Wipe out a large metal mixing bowl with small amount of vinegar and dry thoroughly with paper towel.
Beat egg whites until stiff.Add pinch of salt and beat well into mixture.
Teaspoon by teaspoon add caster sugar and beat.It should take no less than 15 minutes to beat all the sugar into the egg mixture.
Add the 1 teaspoon of vinegar and 1 dessert spoon of hot water and beat through quickly.
Mark out a circle (entree plate size) on a piece of baking paper.Place on large oven tray and sprinkle water into circle.
Carefully spoon the pavlova mixture onto the baking paper and keep within the circle.You can make the outside edge higher than the centre if you want to pour whipped cream and berries into it when cooked.

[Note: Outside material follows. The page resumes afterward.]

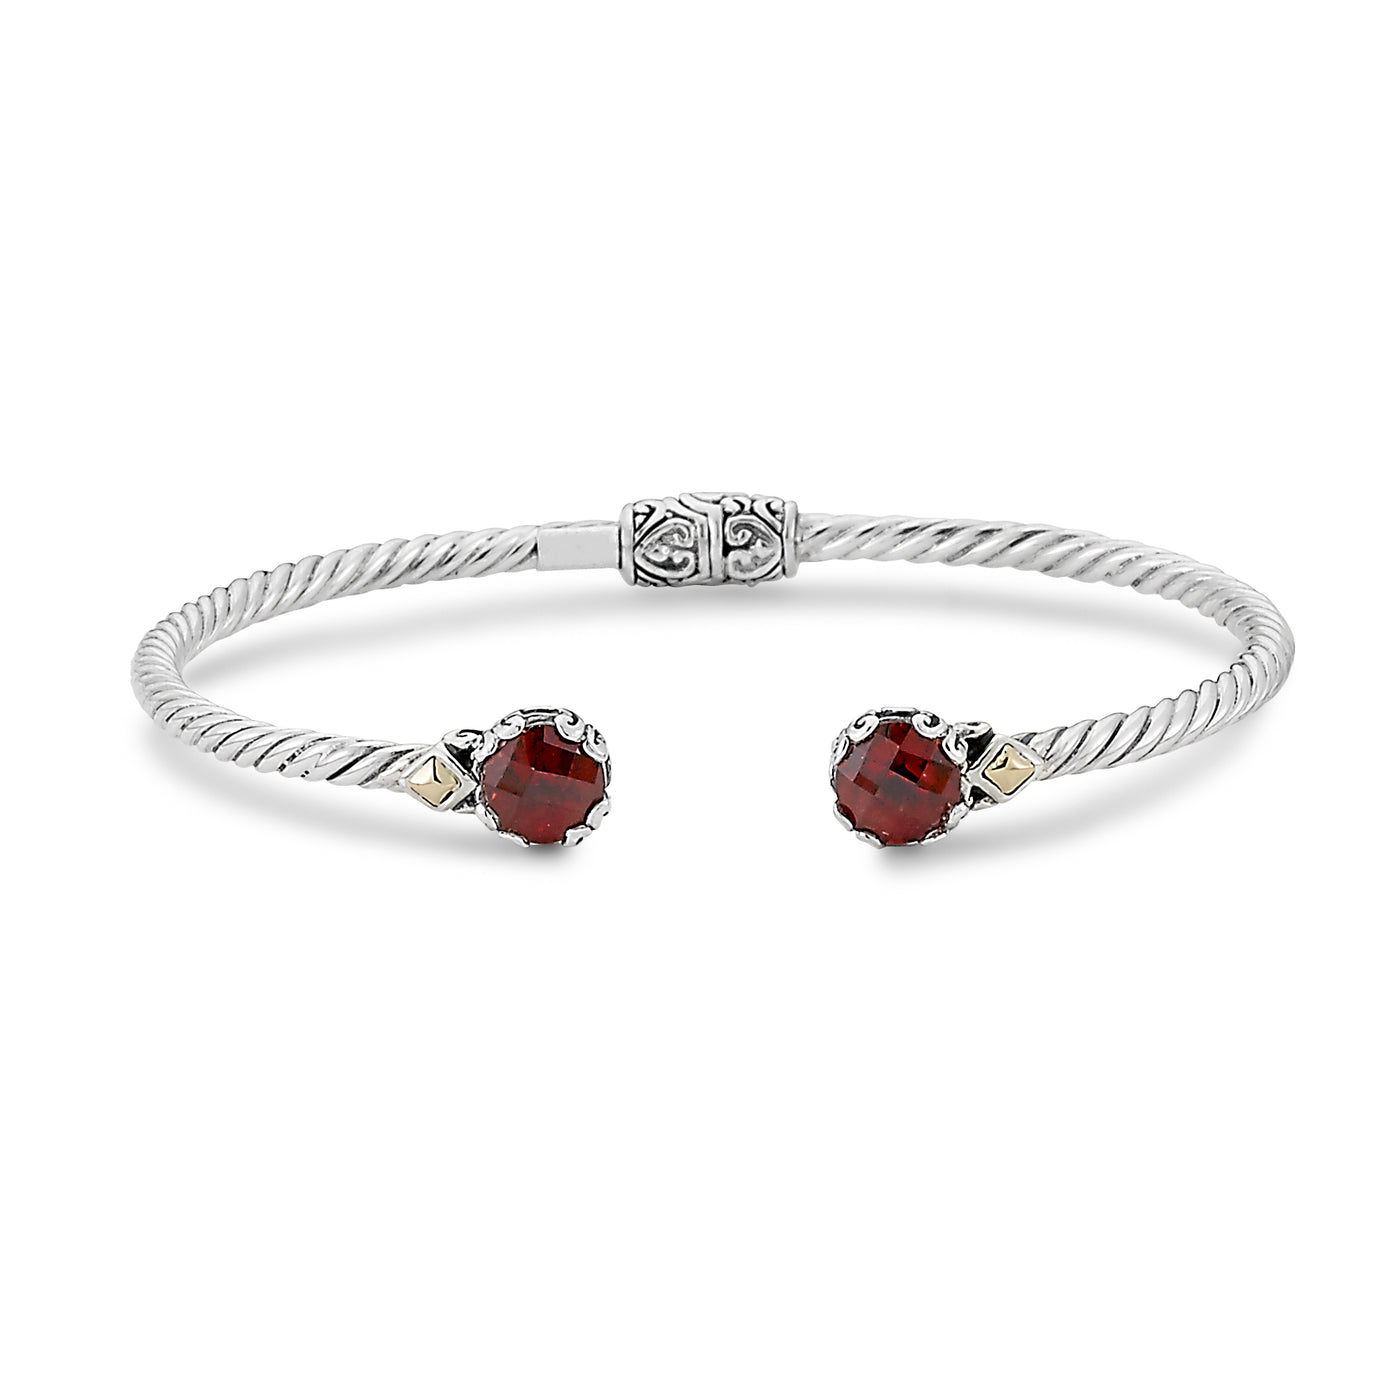 SS/18K 7MM ROUND GARNET TWISTED CABLE BANGLE IN 3MM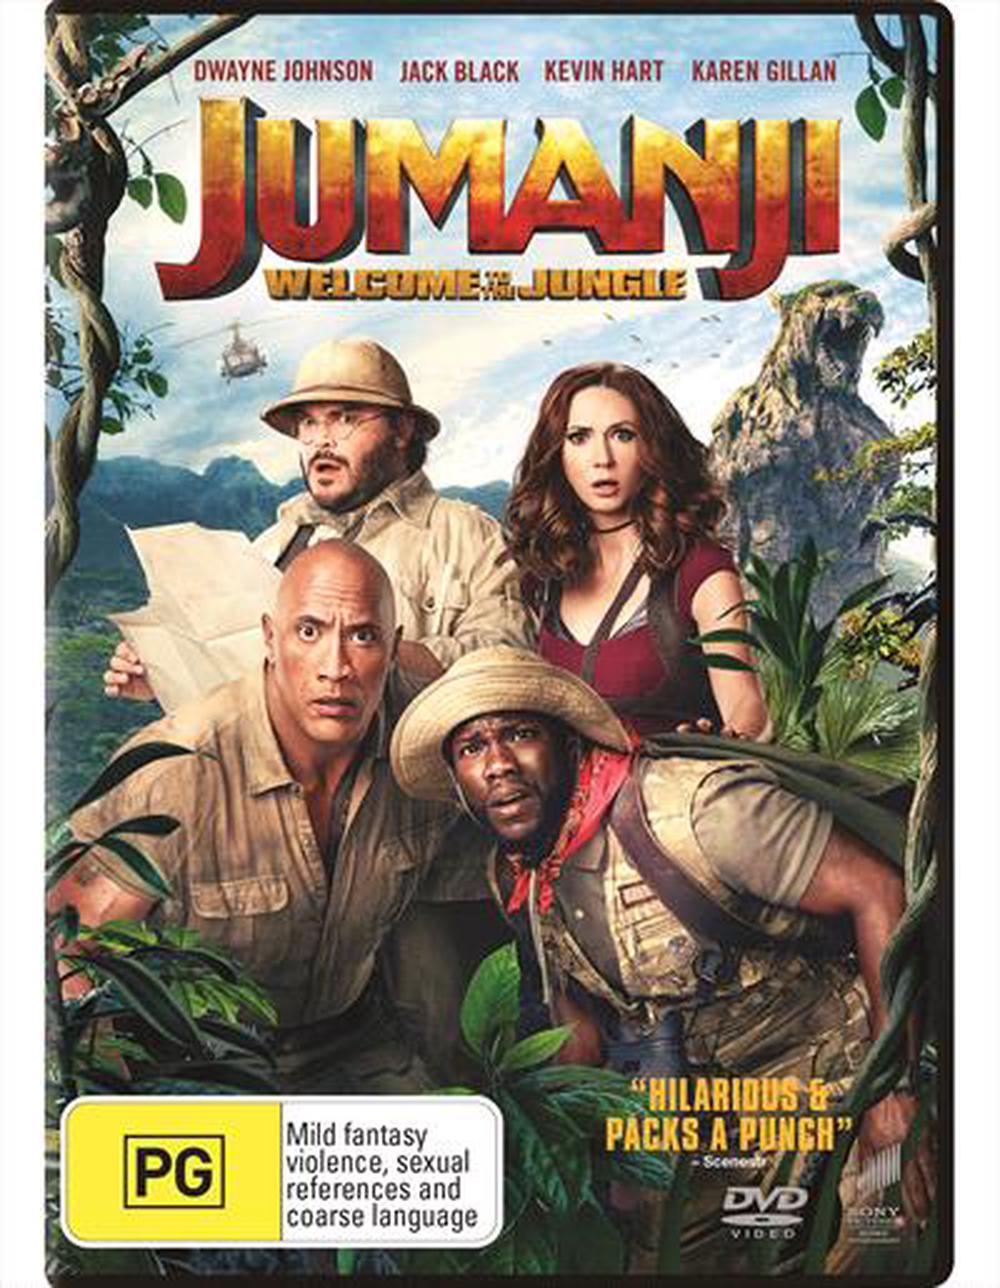 Jumanji - Welcome To The Jungle, DVD | Buy online at The Nile

Place in pre-heated oven for 5 minutes.Switch off after 5 minutes and leave until oven is completely cold.DO NOT OPEN DOOR AT ALL until oven is completely cold.
Place in airtight container in pantry or freezer.DO NOT REFRIGERATE.
Pour whipped cream or custard into centre.Sprinkle with fresh berries.Serve.

If you try it, please re-post and let us know if it worked out.Good luck!

smileeah, Jun 10, 3:46pm
It often over rises then sinks before it is cooked. The other day it didn't cook at all. I have only have about 3 successes from at least a dozen attempts.
I am actually beginning to wonder if my 2nd hand machine is to blame as it makes some strange noises sometimes. I have decided to wait to try again until I get a new machine.